Recorded information below:

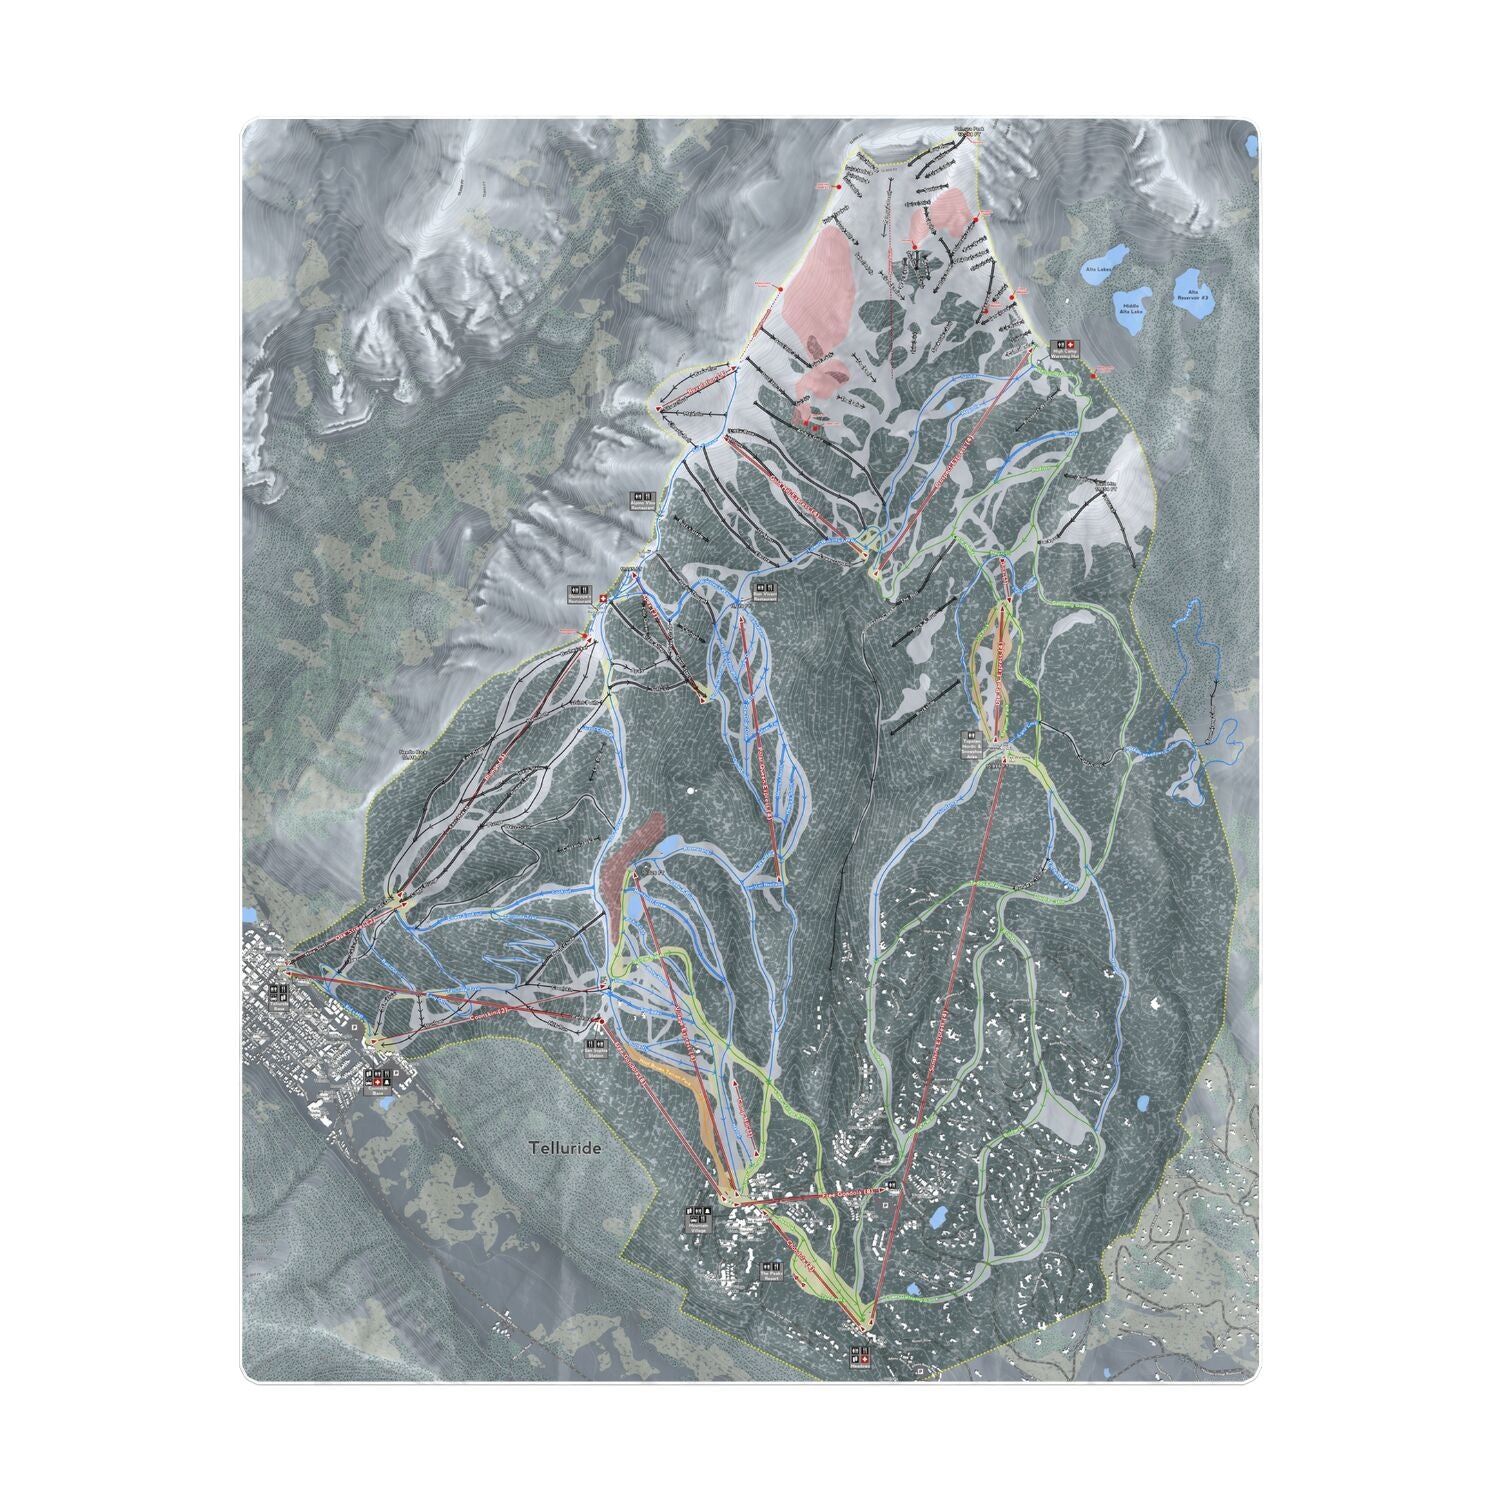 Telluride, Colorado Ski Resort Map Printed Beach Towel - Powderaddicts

End of Recorded information.
Recorded information below:

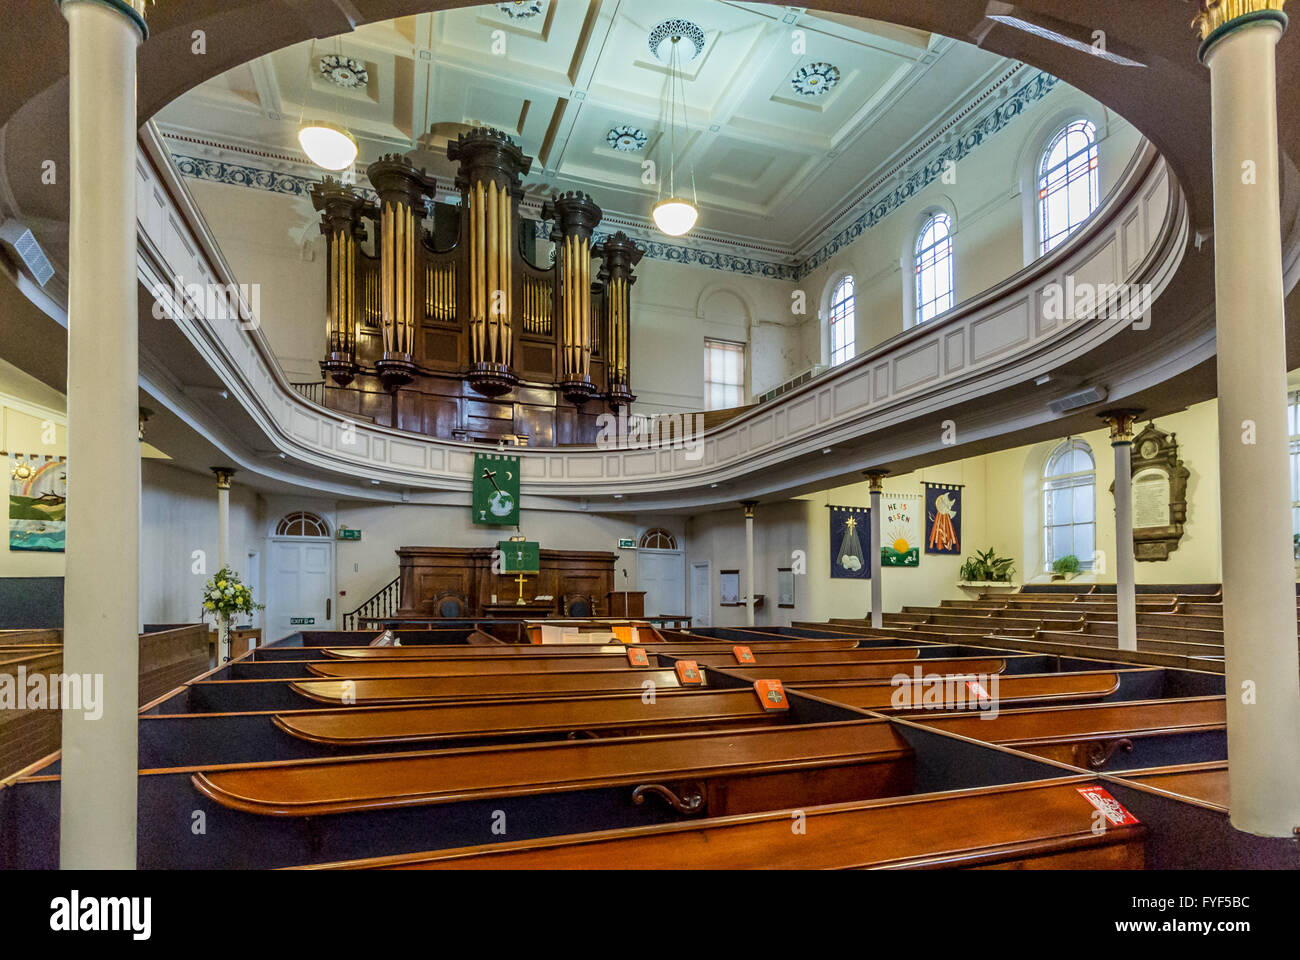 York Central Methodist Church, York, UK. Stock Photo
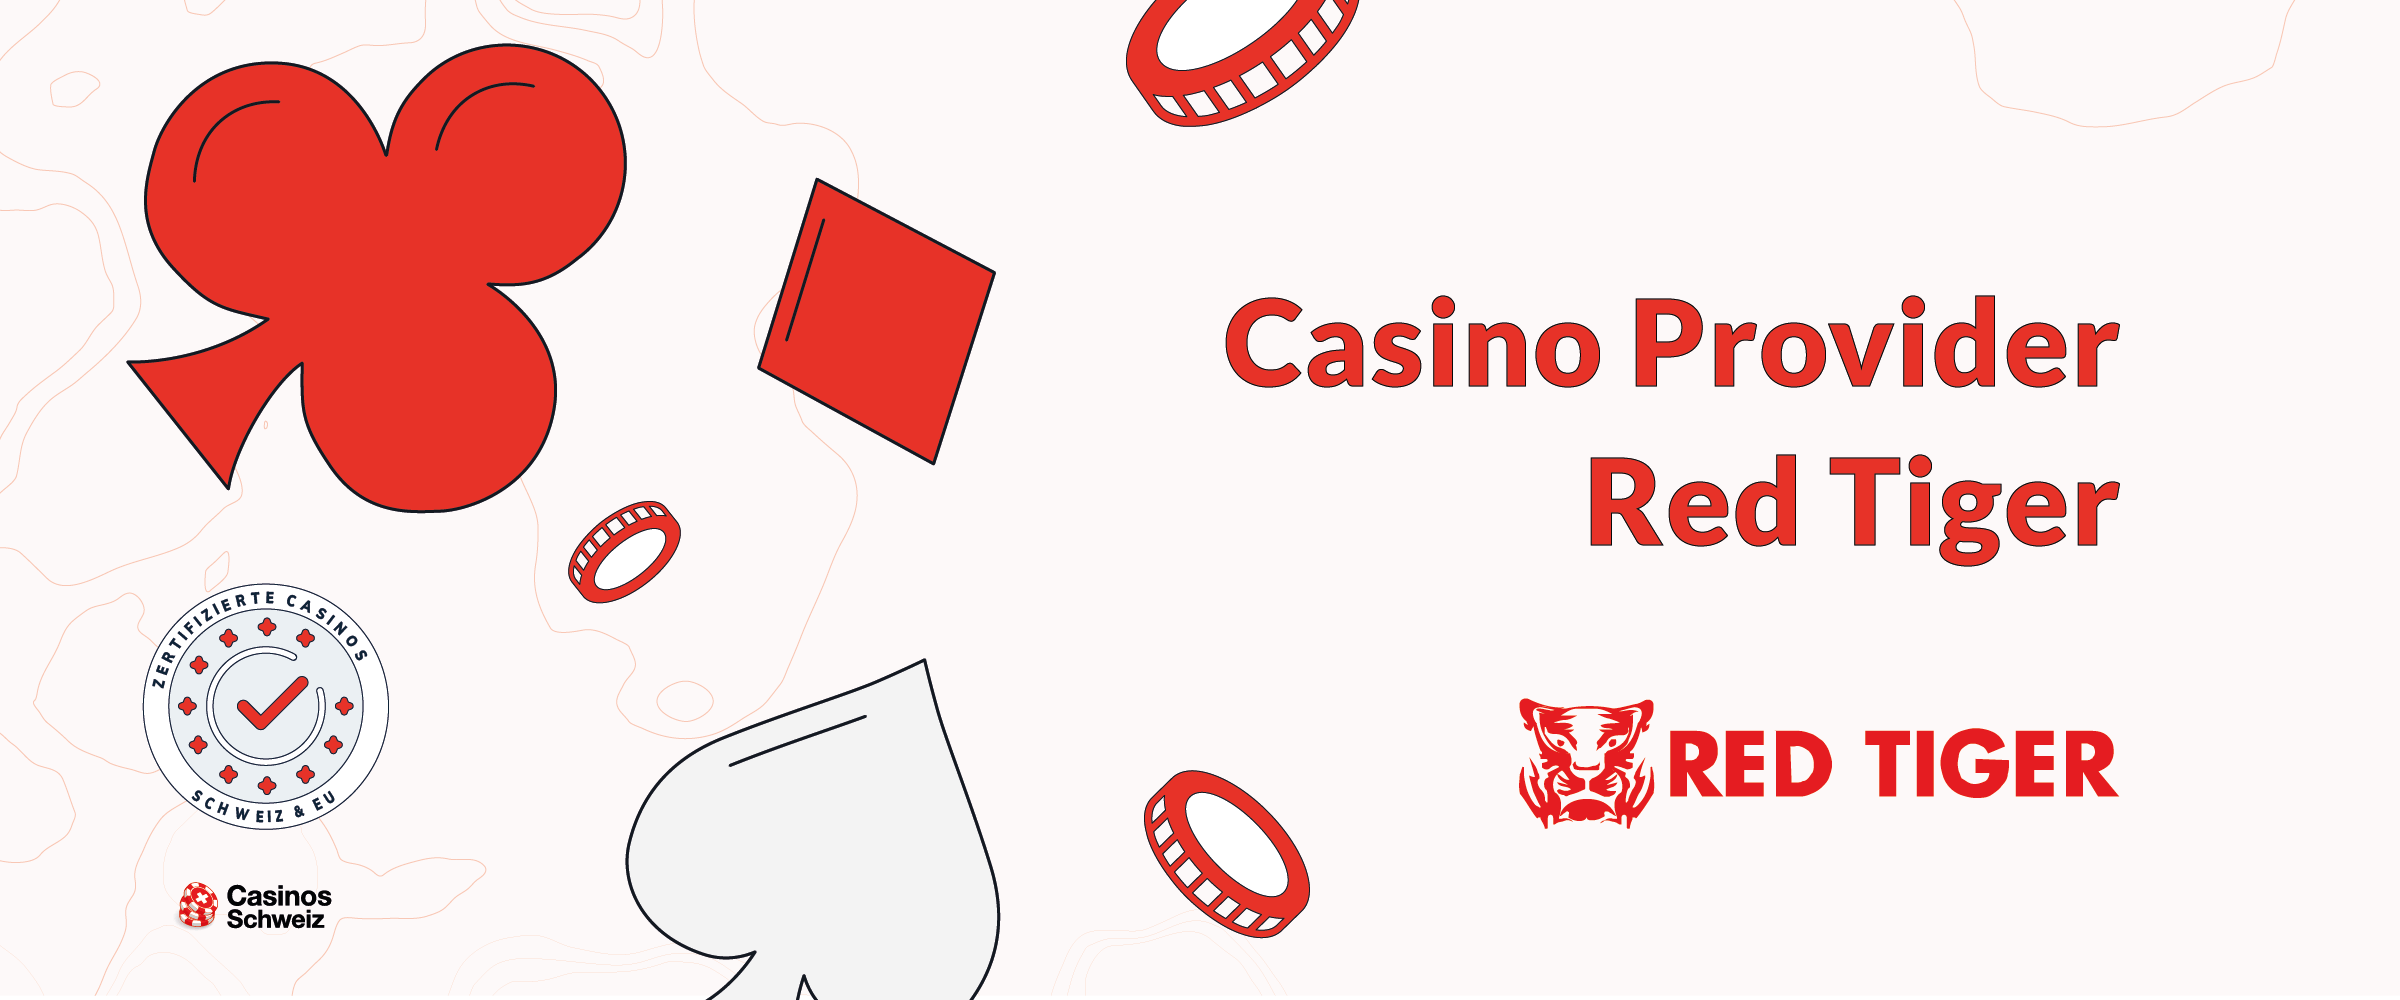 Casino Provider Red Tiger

End of Recorded information.

### Activity
Starting at the line above that has "York Central Methodist" and ending at the line that has "Casino Provider Red Tiger", copy each line exactly, leaving the pictures out and adding nothing.

### Task solution
 York Central Methodist Church, York, UK. Stock Photo
 Casino Provider Red Tiger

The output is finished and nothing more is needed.